*Given information*.
----------------------------------------

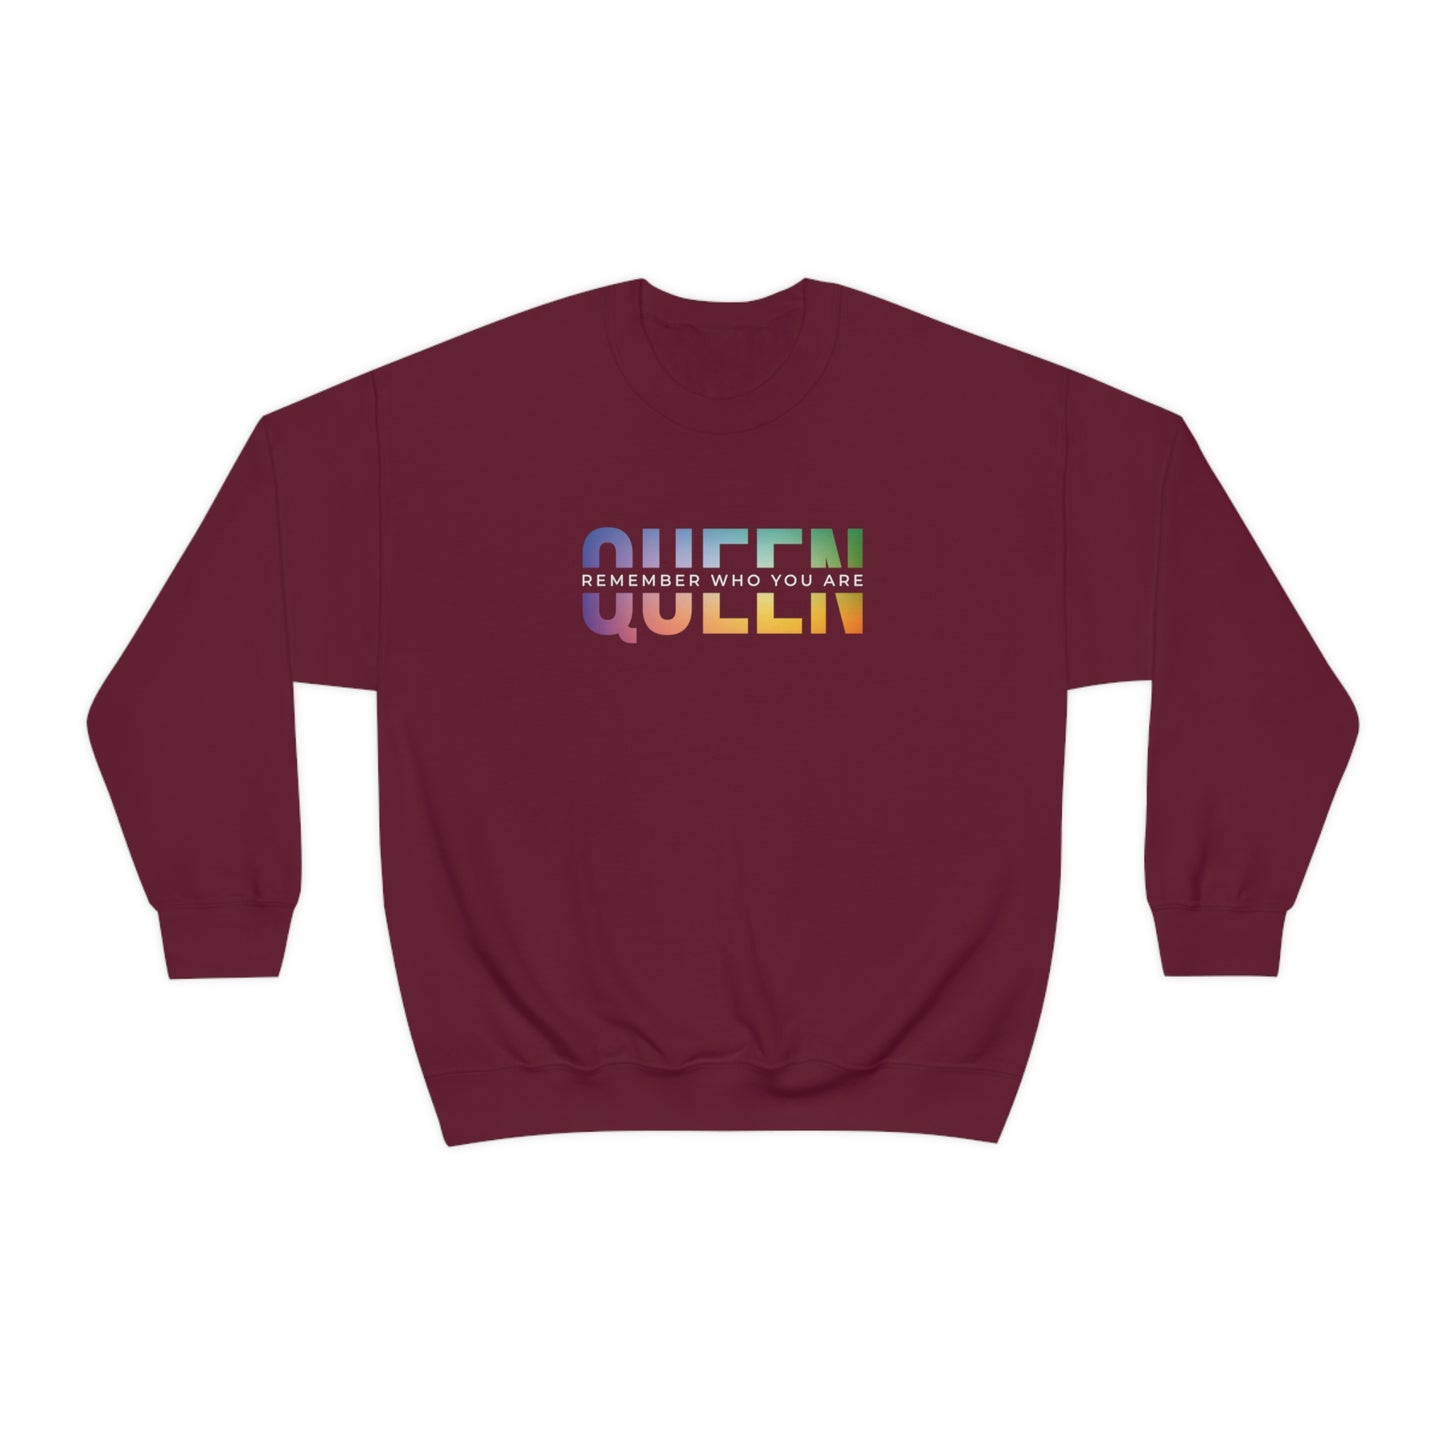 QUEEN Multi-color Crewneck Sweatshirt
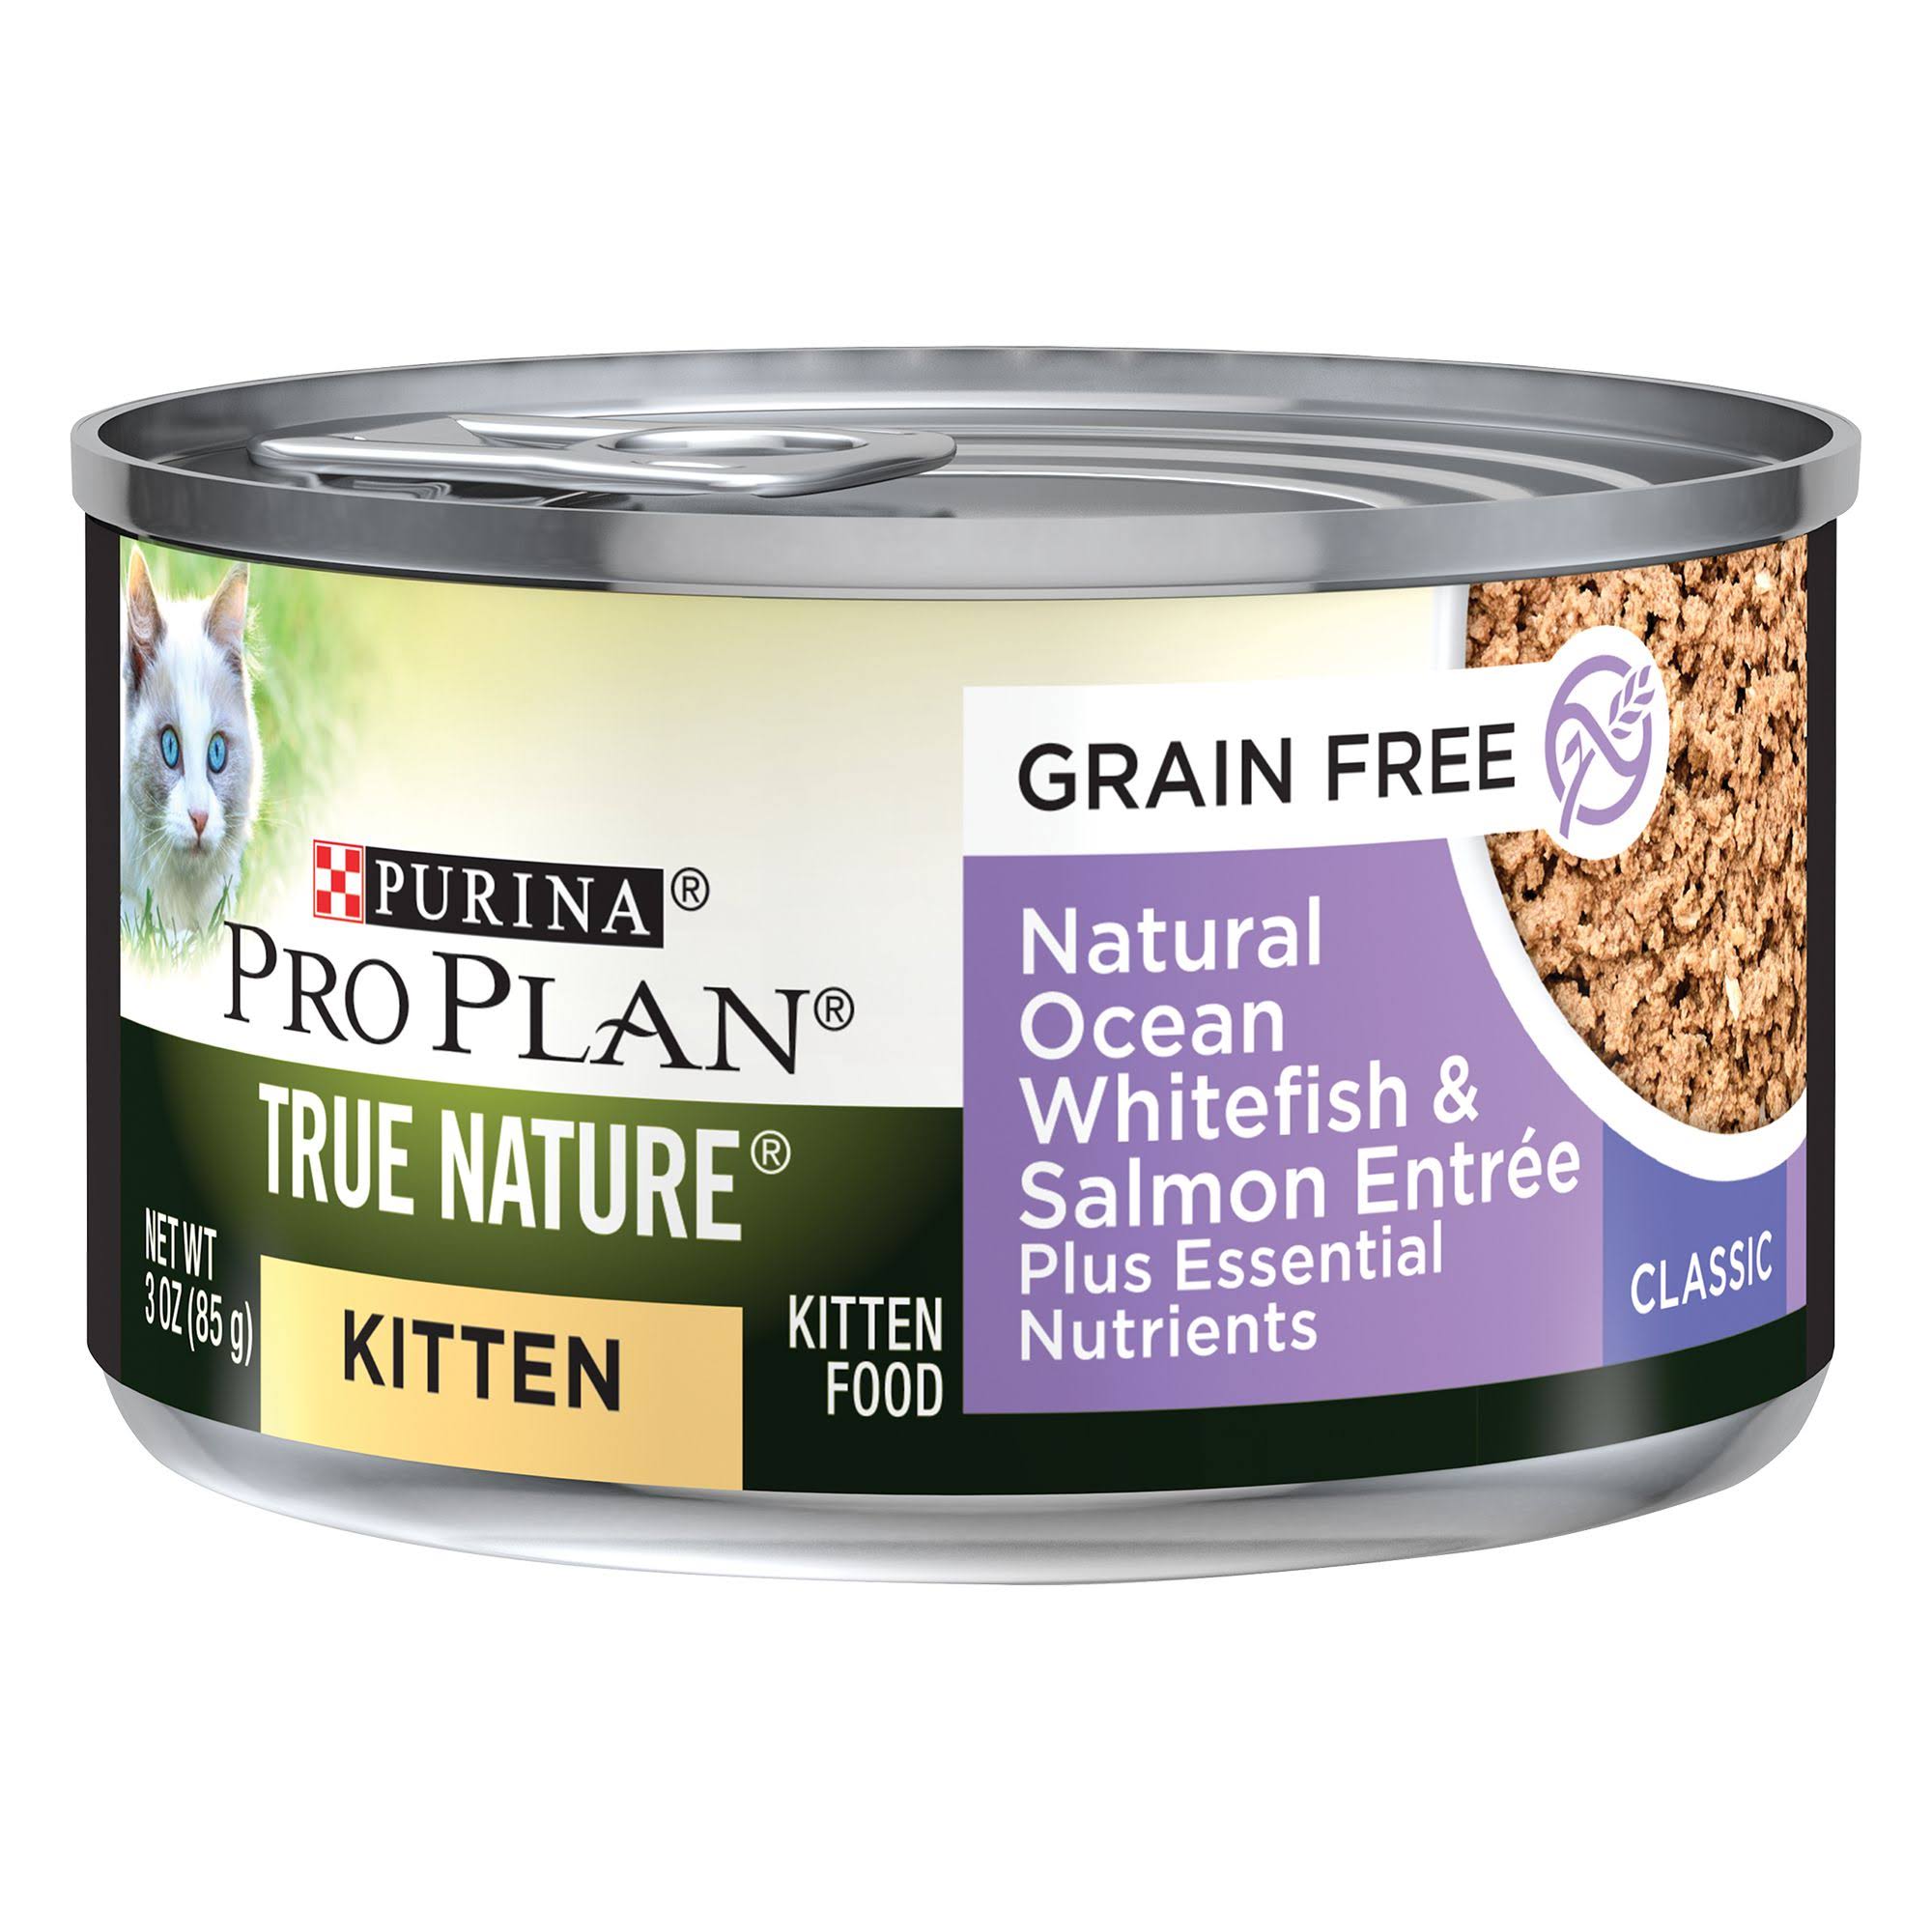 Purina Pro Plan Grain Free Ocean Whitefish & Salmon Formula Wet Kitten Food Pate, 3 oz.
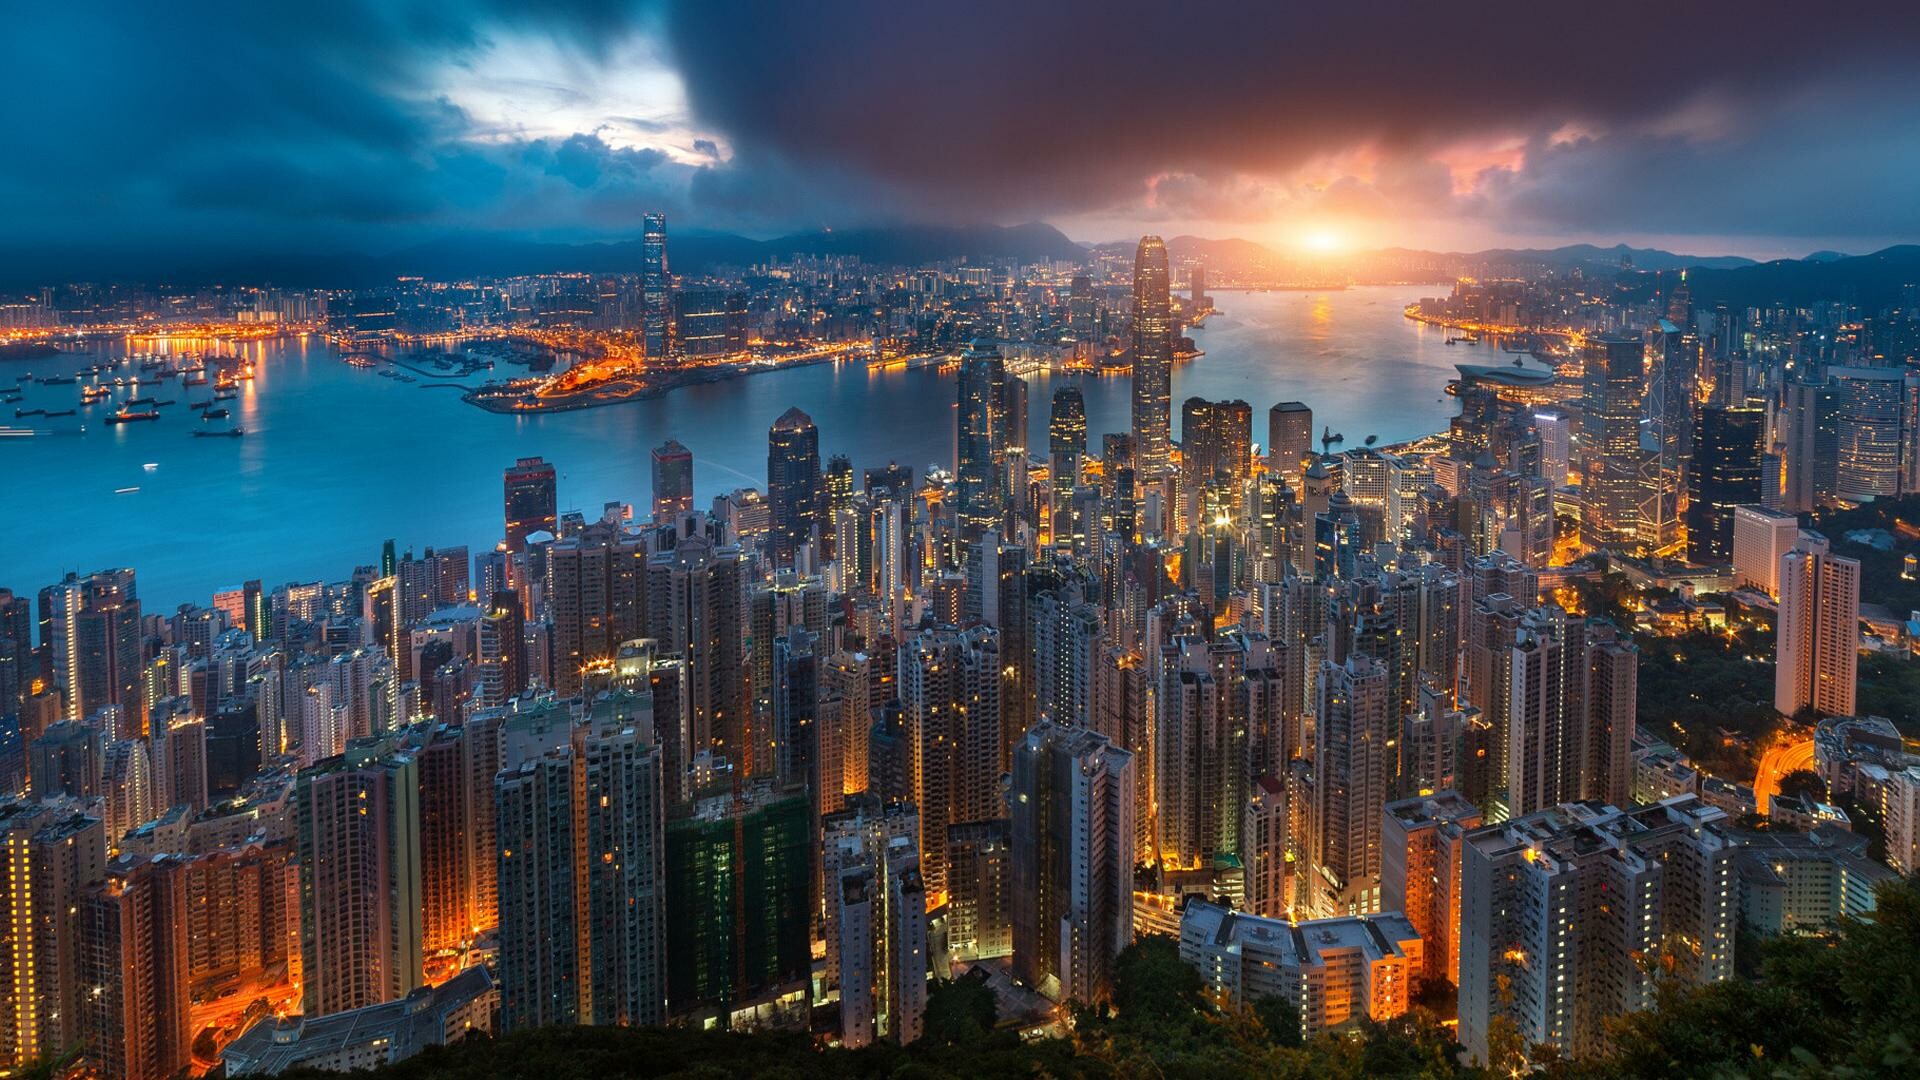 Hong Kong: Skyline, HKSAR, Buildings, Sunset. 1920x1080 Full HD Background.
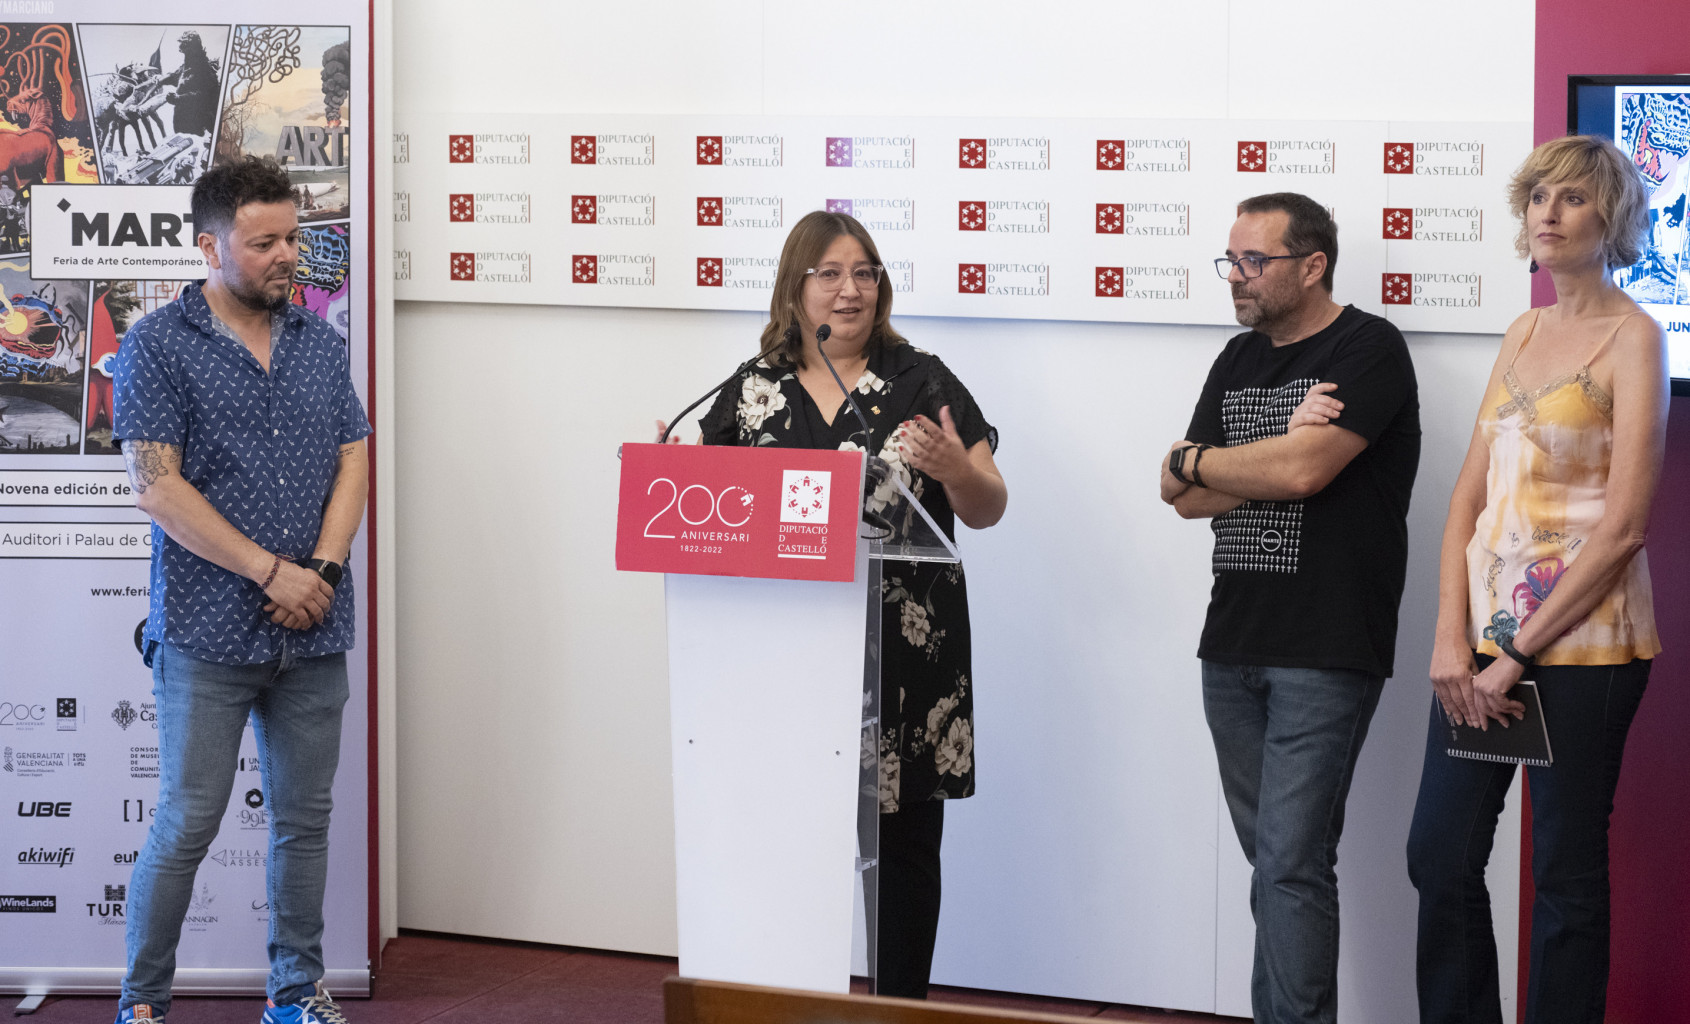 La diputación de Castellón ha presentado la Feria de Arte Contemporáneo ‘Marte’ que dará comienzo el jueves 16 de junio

----------------------------------------

*What the task asks*. Copy exactly, please, the lines that run from the line holding "Hong Kong: Skyline, HKSAR, Buildings, Sunset." through the closing line of the material above, omitting every picture.

*Task output*.
 Hong Kong: Skyline, HKSAR, Buildings, Sunset. 1920x1080 Full HD Background.
 La diputación de Castellón ha presentado la Feria de Arte Contemporáneo ‘Marte’ que dará comienzo el jueves 16 de junio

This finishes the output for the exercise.